4. Orchestration-critical vars the launcher always sets last — `CUDA_VISIBLE_DEVICES` (GPU partitioning) and `WANDB_SHARED_*` (the single shared W\&B run) — **these cannot be overridden** from `env_vars`.

For standalone `sft` and `inference` configs, `[env_vars]` applies to that entrypoint's process(es). For disaggregated P/D inference, the role-specific [`deployment.{prefill,decode}_env_vars`](/prime-rl/inference) layer on top of any shared inference env vars.

## Examples

The shipped end-to-end examples in [`examples/`](https://github.com/PrimeIntellect-ai/prime-rl/tree/main/examples) are the canonical, kept-up-to-date references — the rest of the repo's TOMLs (under `configs/`) are CI- and debug-internal and may drift. Each example directory has its own README with the full launch story.

**Basic** (1–8 GPUs):

* [**Reverse Text**](https://github.com/PrimeIntellect-ai/prime-rl/tree/main/examples/reverse_text) — `Qwen3-0.6B` reversing a chunk of text. Tiny single-turn SFT + RL; runs on a single consumer GPU in minutes.
* [**Wordle**](https://github.com/PrimeIntellect-ai/prime-rl/tree/main/examples/wordle) — `Qwen3-1.7B` playing Wordle. Multi-turn SFT + RL; 2–4 H100s.
* [**Alphabet Sort**](https://github.com/PrimeIntellect-ai/prime-rl/tree/main/examples/alphabet_sort) — `Qwen3-4B-Instruct-2507` sorting names alphabetically. Multi-turn LoRA RL without SFT warmup; one H100.
* [**Wiki Search**](https://github.com/PrimeIntellect-ai/prime-rl/tree/main/examples/wiki_search) — `Qwen3-4B-Instruct-2507` answering trivia by web-searching Wikipedia. Multi-turn with tool use.
* [**Hendrycks Sanity**](https://github.com/PrimeIntellect-ai/prime-rl/tree/main/examples/hendrycks_sanity) — `DeepSeek-R1-Distill-Qwen-1.5B` on a filtered MATH subset.
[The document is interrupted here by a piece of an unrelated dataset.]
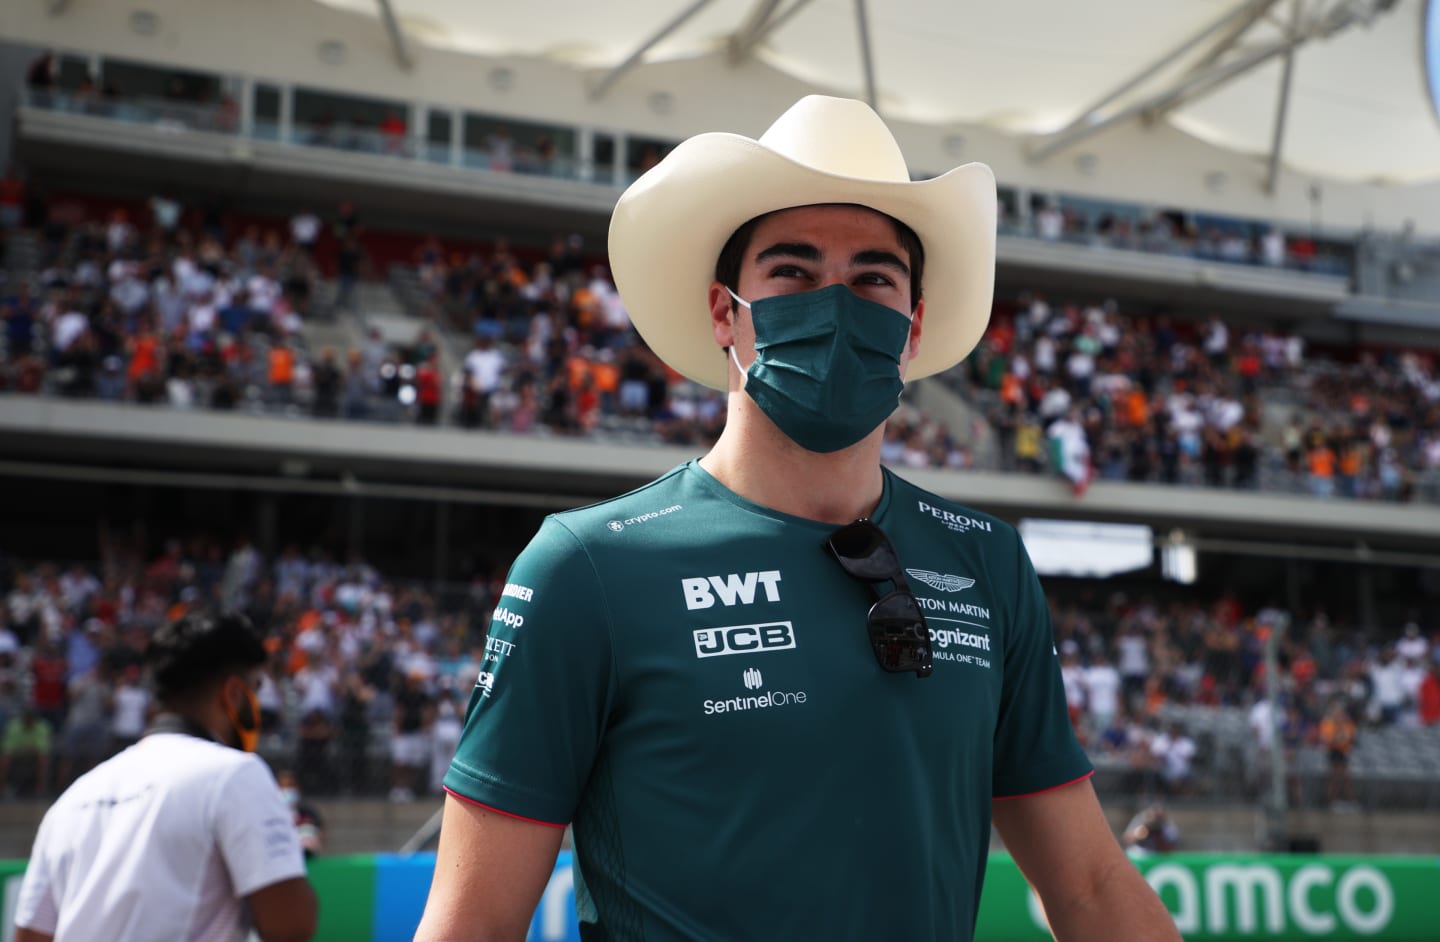 AUSTIN, TEXAS - OCTOBER 24: Lance Stroll of Canada and Aston Martin F1 Team walks in the Paddock before the F1 Grand Prix of USA at Circuit of The Americas on October 24, 2021 in Austin, Texas. (Photo by Chris Graythen/Getty Images)

Useful for algorithm ablations.

**Advanced** (32–2048 GPUs, SLURM):

* [**Qwen 3 30B – A3B Math**](https://github.com/PrimeIntellect-ai/prime-rl/tree/main/examples/qwen30b_math) — `Qwen3-30B-A3B` on hard math.
* [**Qwen 3 30B – A3B SWE**](https://github.com/PrimeIntellect-ai/prime-rl/tree/main/examples/qwen30b_swe) — `Qwen3-30B-A3B` on hard SWE.
* [**INTELLECT-3.1**](https://github.com/PrimeIntellect-ai/prime-rl/tree/main/examples/Intellect-3.1) — reproduces our INTELLECT-3.1 training run.
* [**MiniMax-M2.5 SWE**](https://github.com/PrimeIntellect-ai/prime-rl/tree/main/examples/minimax_m2.5_swe) — `MiniMax-M2.5` on agentic SWE.
* [**High-throughput GLM-5**](https://github.com/PrimeIntellect-ai/prime-rl/tree/main/examples/glm5_pd_disag) — `GLM-5` with P/D disaggregation and FP8 inference.

### Worked Example: Compose, Override, Dry-Run

Start from a shipped base config, override two fields on the CLI, and dry-run:

```bash theme={null}
uv run rl @ examples/reverse_text/rl.toml \
  --wandb.name my-experiment \
  --trainer.optim.lr 5e-6 \
  --output-dir /tmp/reverse-dry \
  --dry-run
```

Then inspect the resolved config:

```bash theme={null}
ls /tmp/reverse-dry/configs/
# rl.toml  trainer.toml  orchestrator.toml  inference.toml
```

Each per-process TOML reflects the final, validated configuration that the actual run would consume — exactly what each process sees when started standalone (`uv run trainer @ /tmp/reverse-dry/configs/trainer.toml`, etc.). This is the easiest way to bisect a misbehaving config: dry-run a known-good base, dry-run your overlay, diff the two.